Hilan Warshaw (1977) |
Après la mort de
Richard, sa fille Cosima et surtout sa belle-fille Winifred (un
monstre en jupon) l'épouse de Siegfried, le fils de Richard, transformeront Bayreuth au fil des ans en l'un des pires bastions nazis…
Ce qui a mis exagérément en avant ce trait dérangeant de la pensée
wagnérienne, on ne peut le nier. Dérangeant mais ambiguë,
Wagner
côtoyait nombre de juifs, à la fois musiciens et amis… le pianiste
Carl Tausig, le maestro
Hermann Levi
qui dirigea la première de
Parsifal,
Angelo Neumann, qui fit la promotion des opéras du maître dans toute l'Europe et le
pianiste
Joseph Rubinstein.
Les artistes et créateurs ne choisissent pas leur public, hélas. On
parle actuellement de supprimer les noms de
Richard
Strauss
des rues et places en Bavière qui portent son nom.
Richard
Strauss
âgé à l'époque de la seconde guerre et qui fut congédié en 1935 de
ses fonctions de président de la
Reichsmusikkammer, car insuffisamment
impliqué dans l'idéologie nazie au dire des dirigeants. Autre controverse :
faire de même à Vienne pour
Herbert von Karajan
qui, certes avait adhéré au parti par carriérisme pour pouvoir
exercer sa passion. Il sera détesté par Hitler suite à un
"loupé" dans
les maîtres chanteurs
en 1939, Hitler donnera cet ordre à Winifred Wagner :
"Moi vivant, Herr von Karajan ne dirigera jamais à Bayreuth" et, en 1945, le maestro devait fuir une possible arrestation…
Cette tentative d'une génération polémiste de réécrire un passé douloureux
voire honteux en effaçant jusqu'à l'existence des personnalités artistiques
en retrait face au régime maudit de leur patrie est grotesque. On ne
reproche aucunement à cette jeunesse l'ignominie de certains de leurs aînés.
Les noms de Himmler, Goebbels, Goering resteront
associés à jamais à l'indicible, sauf à caviarder les livres d'histoire, on
ne s'en prive pas outre-Rhin. Celui de
Wagner
sera, lui, en priorité, associé à deux des plus beaux drames d'amour et de
mysticisme de l'art Lyrique :
Tristan & Isolde
et
Parsifal.
Tu vois Sonia, on en arrive toujours à déplorer les ravages de l'inculture
et des débats superficiels.

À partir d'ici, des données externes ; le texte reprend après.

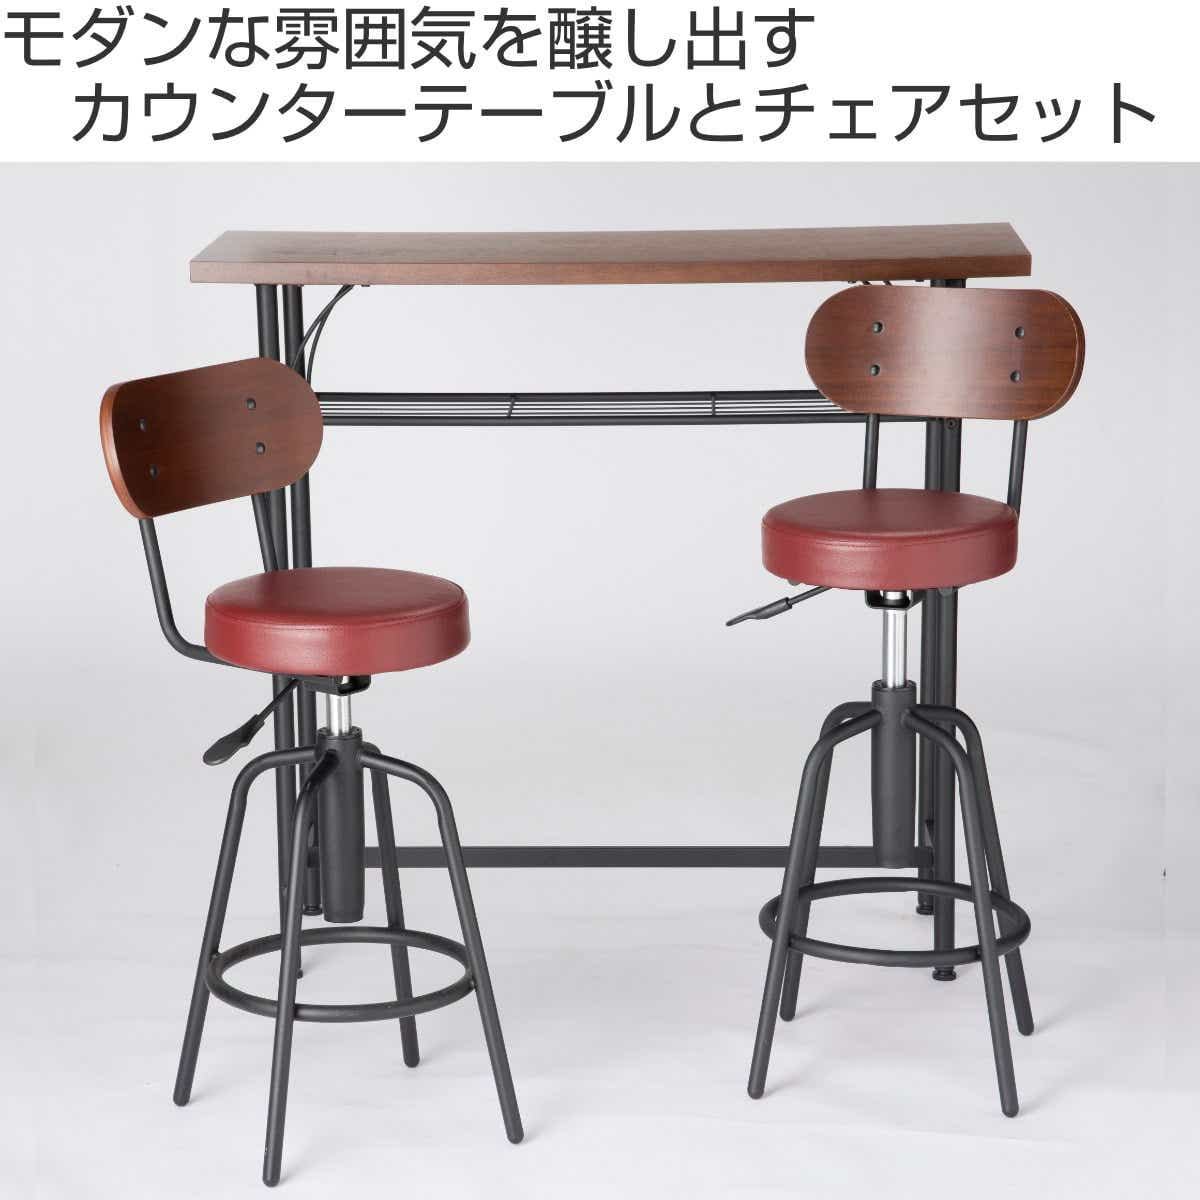 93-108cmカウンターチェア 木製 360度回転 足置き付き カウンター椅子

La musique adoucit les mœurs, alors écoutons là.
- Pourquoi cette mise au point sur un ton mesuré et nourrie
d'informations contrôlées au moins dix fois te connaissant…
- On vit une époque troublée Sonia, beaucoup de journalistes ou de
politiciens réécrivent l'histoire à des fins de propagande assez viles…
Et dans d'innombrables sujets : artistiques, géopolitiques,
scientifiques… C'est angoissant…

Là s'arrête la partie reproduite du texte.